I grew up using lard from our family hog ranch. We always had a bucket in the fridge. A few years ago, I tho't it would be great to make a pie crust from lard so bought some from the store. I threw it away. It stunk like a pig pen with a terrible taste. Yeck.. that isnt like the lard I remember using as a kid. I am sure it must be way better to render your own lard.


----------



## NyGoatMom (Jan 26, 2013)

Well mine is the leaf lard...but I melted it on low in the crock for hours until I got as much as I could. It is now a beautiful white color, which I heard is sometimes not the case if heated too hot, but it is suggested to let it sit in the crock on low.
I didn't fry the cracklings because it was so late already I had to go to bed, but next batch I will.


----------



## packhillboers (Feb 2, 2011)

Well a lot of people say that pig lard and cow butter and even eggs that contain high amounts of cholesterol is terribly bad for us .. it maybe bad for some people with a hereditary condition but I am starting to wonder more about this. I have ate large amounts of lard, milk butter, lots of eggs in my life and after I ended up with a heart condition where I ended up with all the tests- the one thing that I do not have is high cholesterol and my arteries do no have plaque build up at all! I have clean strong arteries all through out. So I believe that sugar and high processed foods are the main issue to cause serious health problems and if we combine it with lard and other waxy fats, I believe it will then really cause more issues than just eating those types of fats.


----------



## NyGoatMom (Jan 26, 2013)

I think you're right.


----------



## nchen7 (Feb 25, 2013)

i agree with you whole heartedly packhillboers. people have been eating natural fats throughout history. all those processed things have been around in recent history, and seems like since the makings of processed goods (and...people working in offices instead of doing physical work outside) have made humans prone to many different illnesses.


----------



## milk and honey (Oct 31, 2010)

The lard and pork that is commonly available to most people has been grown in pens in less than ideal conditions...not like it is on family farms. I think that makes a lot of difference in how it affects our bodies...arteries, etc.
The meat and lard are also processed quite a lot too ie: bleached.
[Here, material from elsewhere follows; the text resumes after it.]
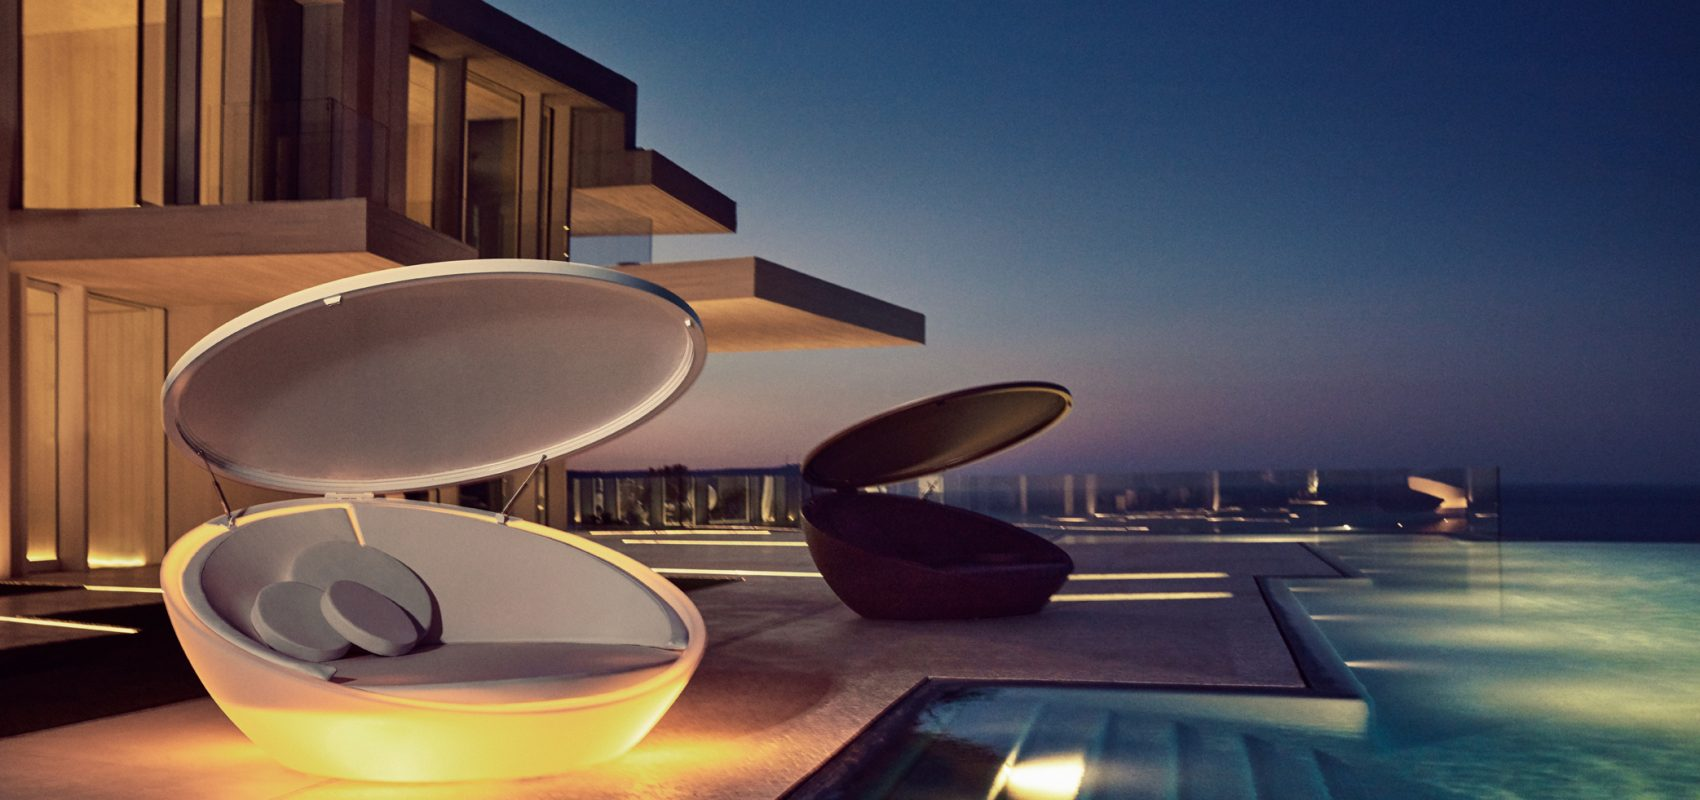 Wondrous Ard Outdoor Toronto Outdoor Furniture Patio Furniture Interior Design Ideas Philsoteloinfo
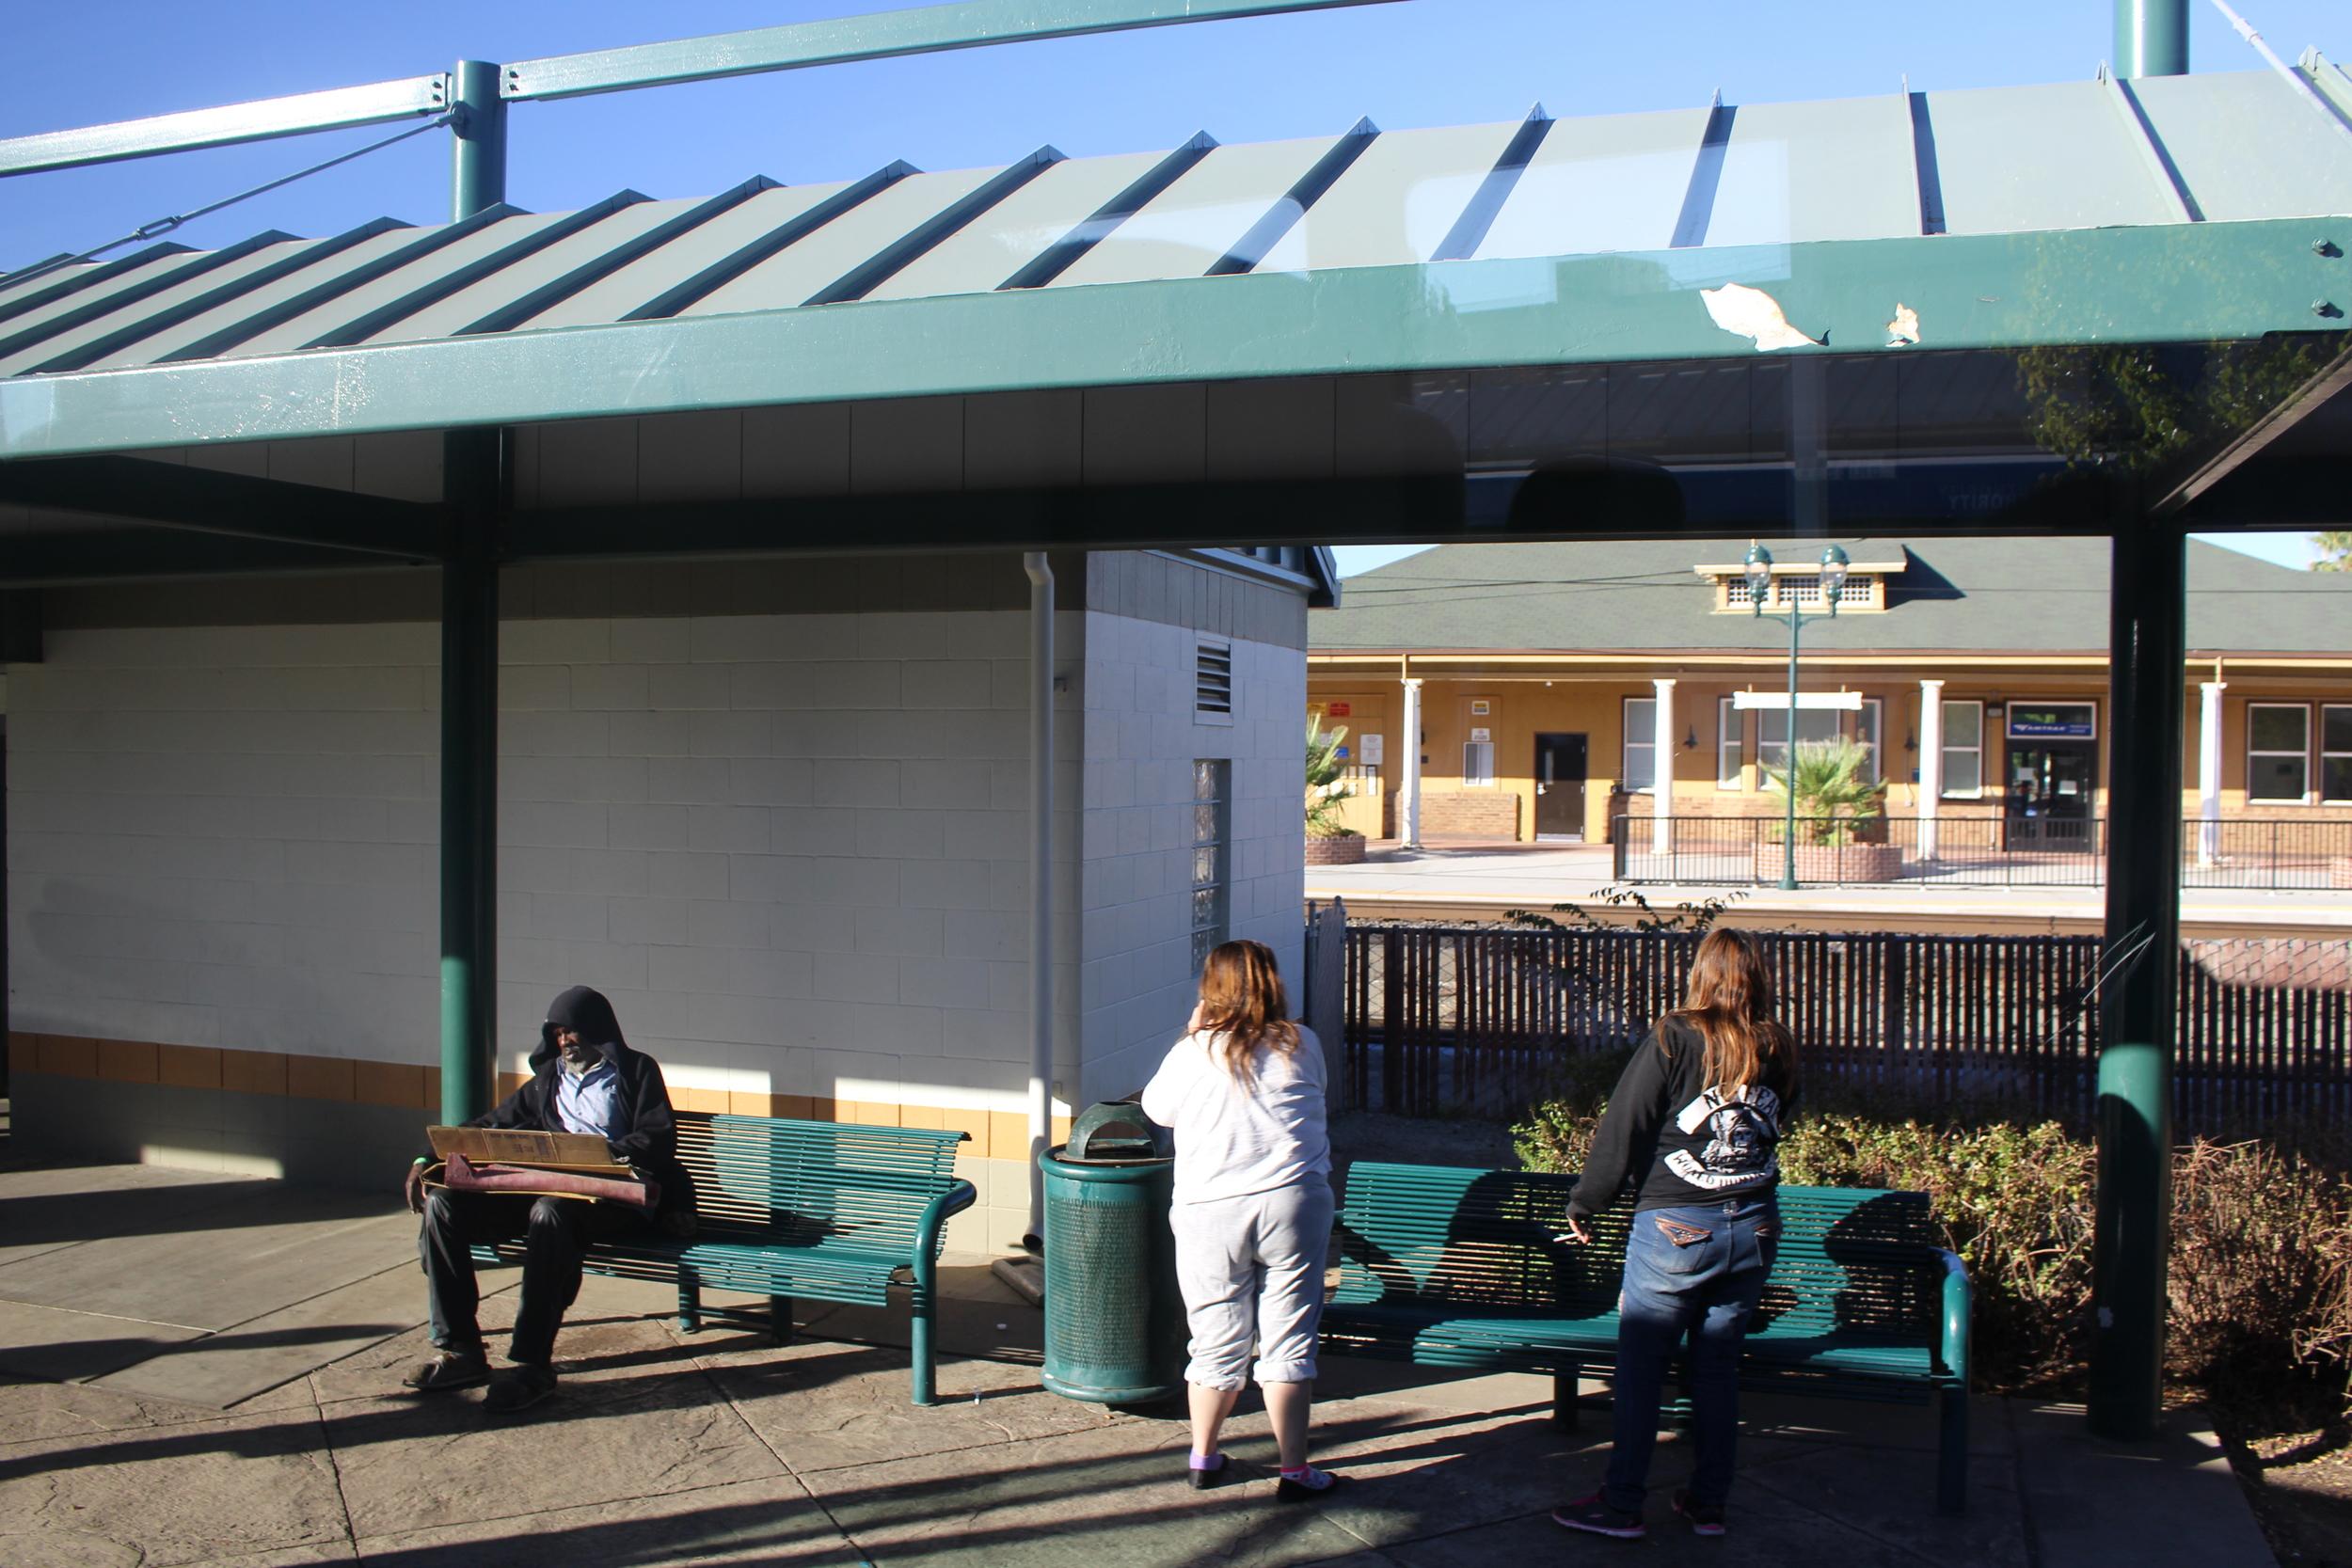 Station de Bus Greyhound quelque part en Caliofrnie

Sent from my iPhone using Goat Forum


----------



## NyGoatMom (Jan 26, 2013)

This is lard from a pasture raised local pig  but I agree with you...I hate how they are raised commercially on so many levels...


----------



## milk and honey (Oct 31, 2010)

Good for you!!! I have and use the lard from our own pastures pig!!! Great stuff!


Sent from my iPhone using Goat Forum


----------



## happybleats (Sep 12, 2010)

Its not the lard and fat that killing us today..its the process that's bad for us and causing us to be sick...mass marketed lards and oils are hydrogenated...giving us that wonderful Trans fatty acids! 
but even with home rendered, moderation is the key however since it still is high in saturated fat!


----------